Posted by Tom Limoncelli

Dear Tom,

I've been asked to document our company's System Integration process. Do you have any advice?

A reader.

Dear Reader,

I get this question a lot whether it is system integration, setting up new computers, handling customer support calls, or just about anything. Documenting a process is an important first step to clarifying what the process is. It is a prerequisite to improving it, automating it, or both.

My general advice is to find the process that exists and document exactly how it is done now. Only after that can you evaluate what steps work well and which need to be improved. Don't try to invent a new system to replace the existing chaos. That chaos works (for some definition of "works") and embodies a lot of knowledge about all the little things that have to happen, including a lot of "realities" that may be invisible to managers. This is similar to why it is bad to try to rewrite software systems from scratch.

Creating the document involves interviewing the people that do the tasks, taking notes, and building up a big document. If the process has branches and options, draw a diagram. Meet with people one at a time or in small groups and ask them to explain what they think the process is. Ask clarifying questions. Don't ask them what the process should be, ask what they currently do. If they start talking about improvements write down what they say (so they feel listened to) but then get them back on the subject of what the process is, not what it should be.

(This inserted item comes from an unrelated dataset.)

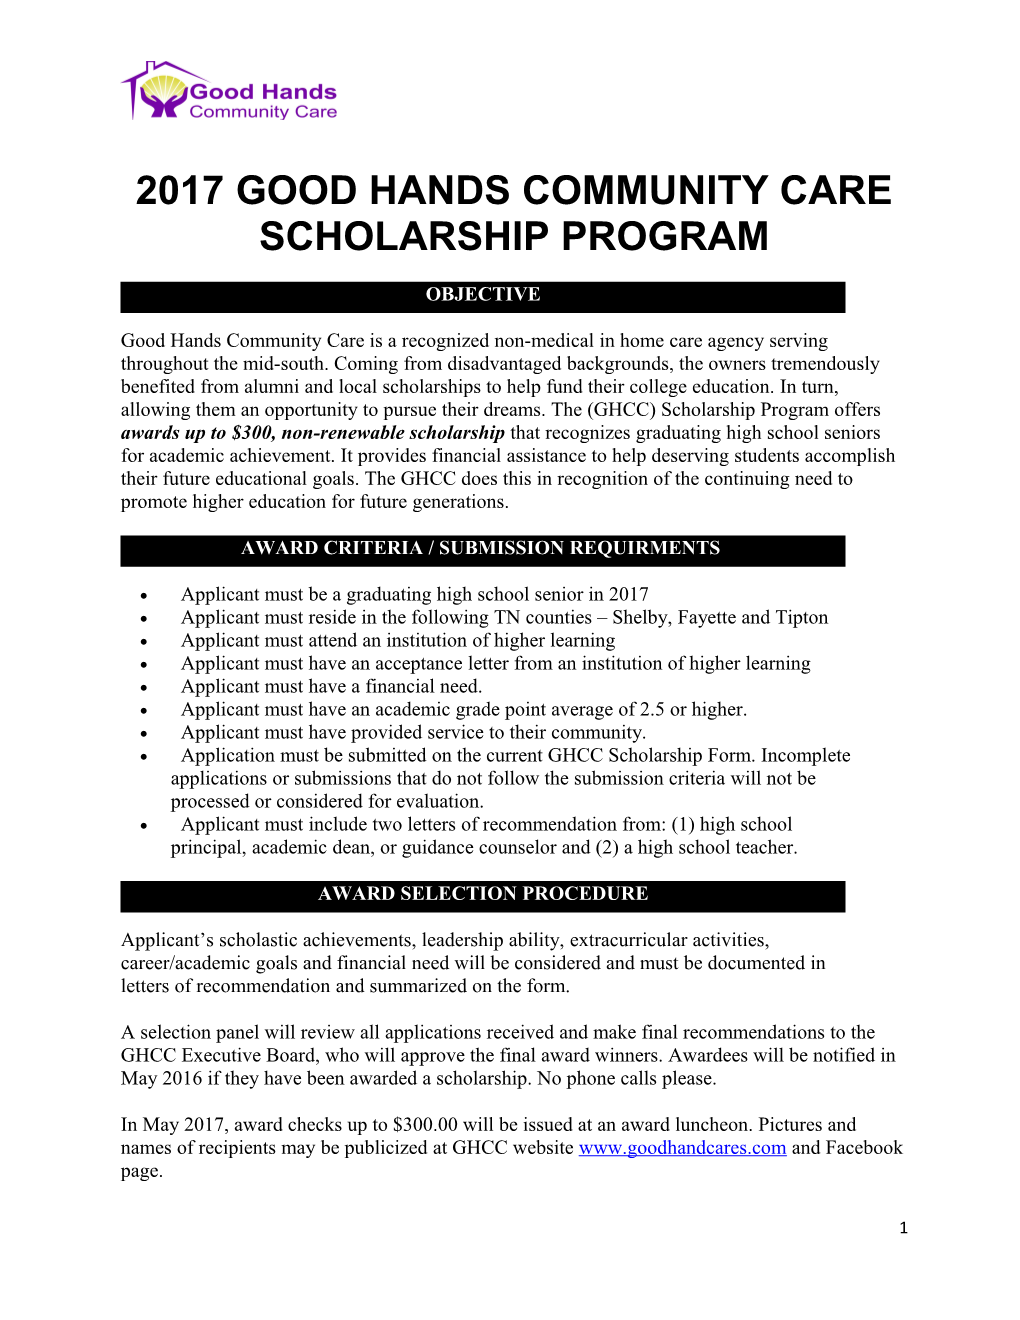 2017Good Hands Community Care Scholarship Program

If possible, you'll want to get to the point where you can do the process yourself, by following the document you wrote. The next step is to hand someone else the document and see if they can get through it without your help. If each step is done by a different team or department, you may need to get everyone in the same room and walk through the steps together.

When documenting the process (either by interviewing people or by working through the process solo), you'll find plenty of "issues":

  • Steps that are done differently depending on who does it. That needs to be reconciled. Get both people in the same room and help them work it out. Or, document both routes so that management is aware.
  • Steps that are undefined. If nobody can explain what happens at a certain step but the work is getting done somehow, it is better to document that the step has to be researched than leaving it out of your document.
  • Steps that are ill-defined. There may be steps that, for various reasons, one has to figure out in an ad hoc manner each time. If this is a 1-in-a-million edge case, that's ok. If it is in the main path, actual steps need to be clarified. A good start is to define the end-goal and come back later to work out how it actually gets done.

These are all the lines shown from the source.